= Gochas Reformed Church =

Church in Namibia

The Gochas Reformed Church is a congregation of the Dutch Reformed Church in South Africa (NGK), located in Namibia with its capital in the city of Gochas, on the Auob River running through the Kalahari Desert.

At first, the shores of the Auob were malaria-ridden, but people settled there nevertheless. Already in the 1950s, the area was heavily inhabited. There was a military outpost under German rule, given its central location in the Kalahari. The Gochas area started out as a district of the Gibeon Reformed Church, the mother congregation in Namibia that would later be known as Mariental. The Rev. E. J. Leonard had a demanding job covering the whole Southwest from Grootfontein to Warmbad. Later, he was named the pastor of the Gibeon church and therefore worked often in the Gochas district. Conditions were primitive and services were often held outdoors. From 1932, the old camel stable in Gochas, at the time used as a public school site, was used for services. The lack of a dedicated church hall severely hindered services, the old hostel refectory was suggested as an option later. This was an improvement, but the situation remained a concern. Several expeditions left to find suitable sites, only to return disappointed.

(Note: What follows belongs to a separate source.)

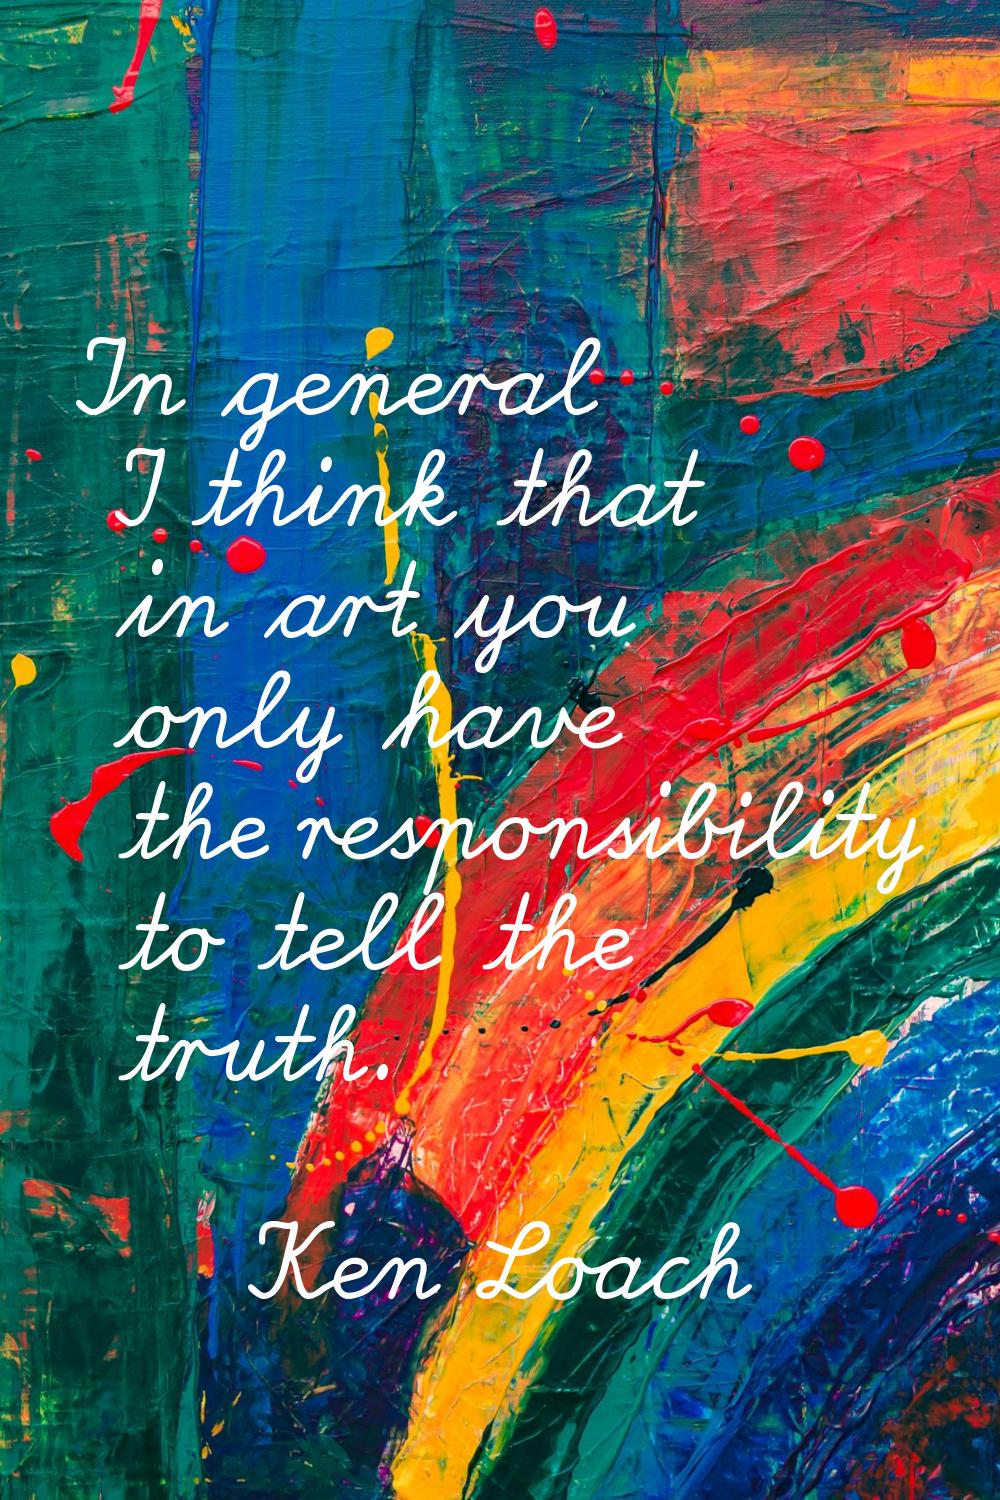 In general I think that in art you only have the responsibility to tell the truth.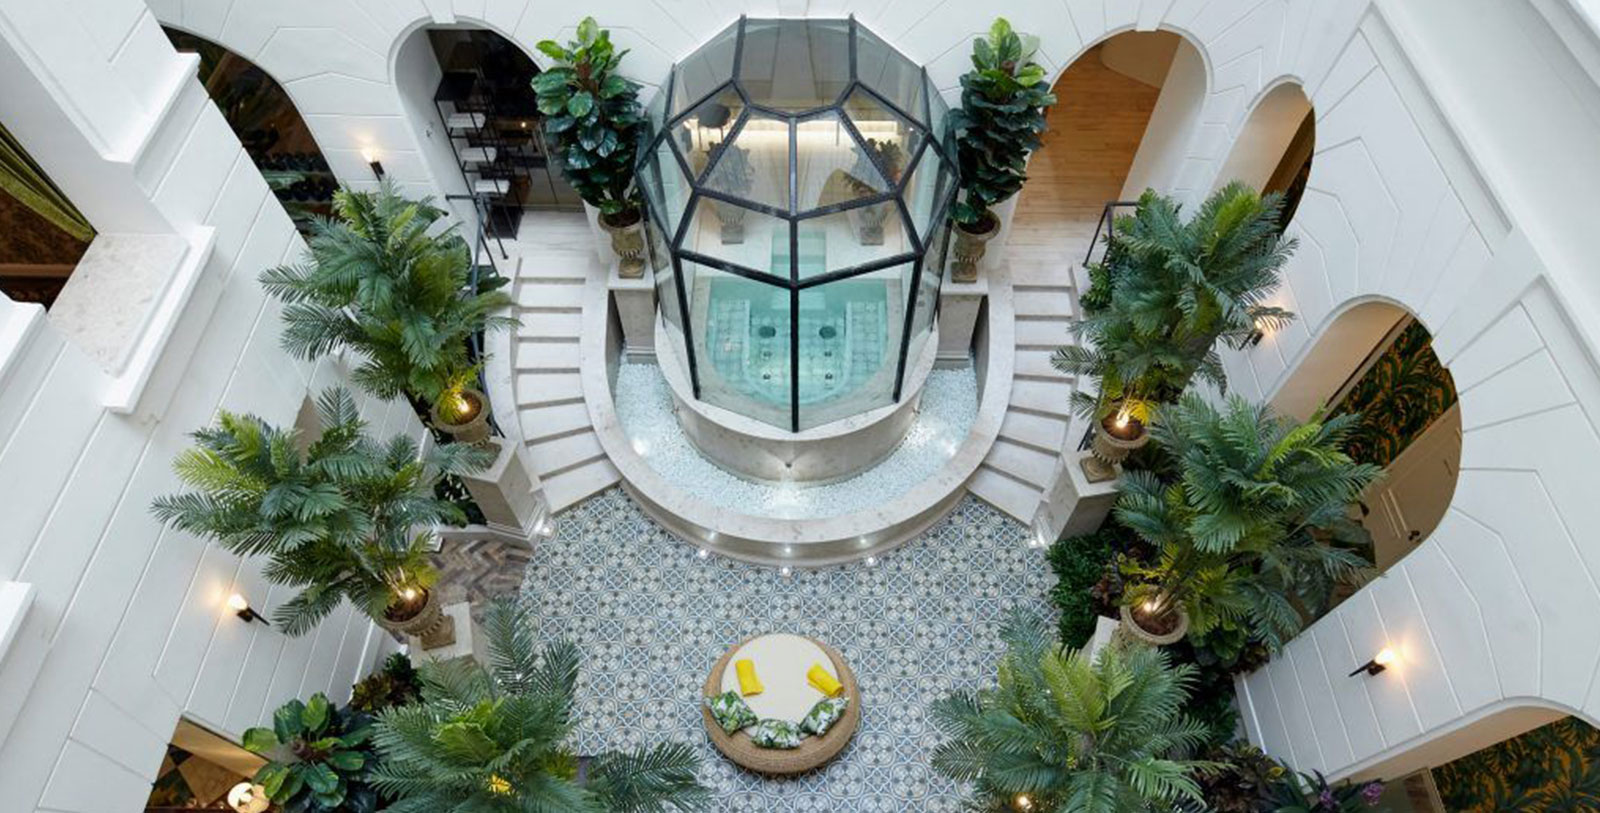 Experience a rejuvenating day of pampering at the Secret Garden Spa.

Finally, in 1937, the administrator of South West Africa was sympathetic to the congregation's concerns and granted a hectare in Gochas for church grounds. The Rev. Leonard would choose the spot where the church council would be built. After the Rev. Leonard's death, the Rev. T. Potgieter became pastor of Gibeon, and he worked hard to serve the Gochas district and help the construction committee build the church. The keystone was gifted by local Sunday school students, and on October 20, 1946, was laid by the Rev. Potgieter. After enthusiastic organizing and fundraising, the church hall opened on October 23, 1948. The church was full and the members were already discussing secession, which was granted at a combined Gibeon-Gochas congregational meeting. On November 25, 1950, the Gochas congregation was founded, including 320 founding members. The church council was extended to twelve members. The construction fund for the parsonage grew quickly.

== Sources ==
- Olivier, Rev. P.L. (compiler). 1952. Ons gemeentelike feesalbum. Cape Town/Pretoria: N.G. Kerk-Uitgewers.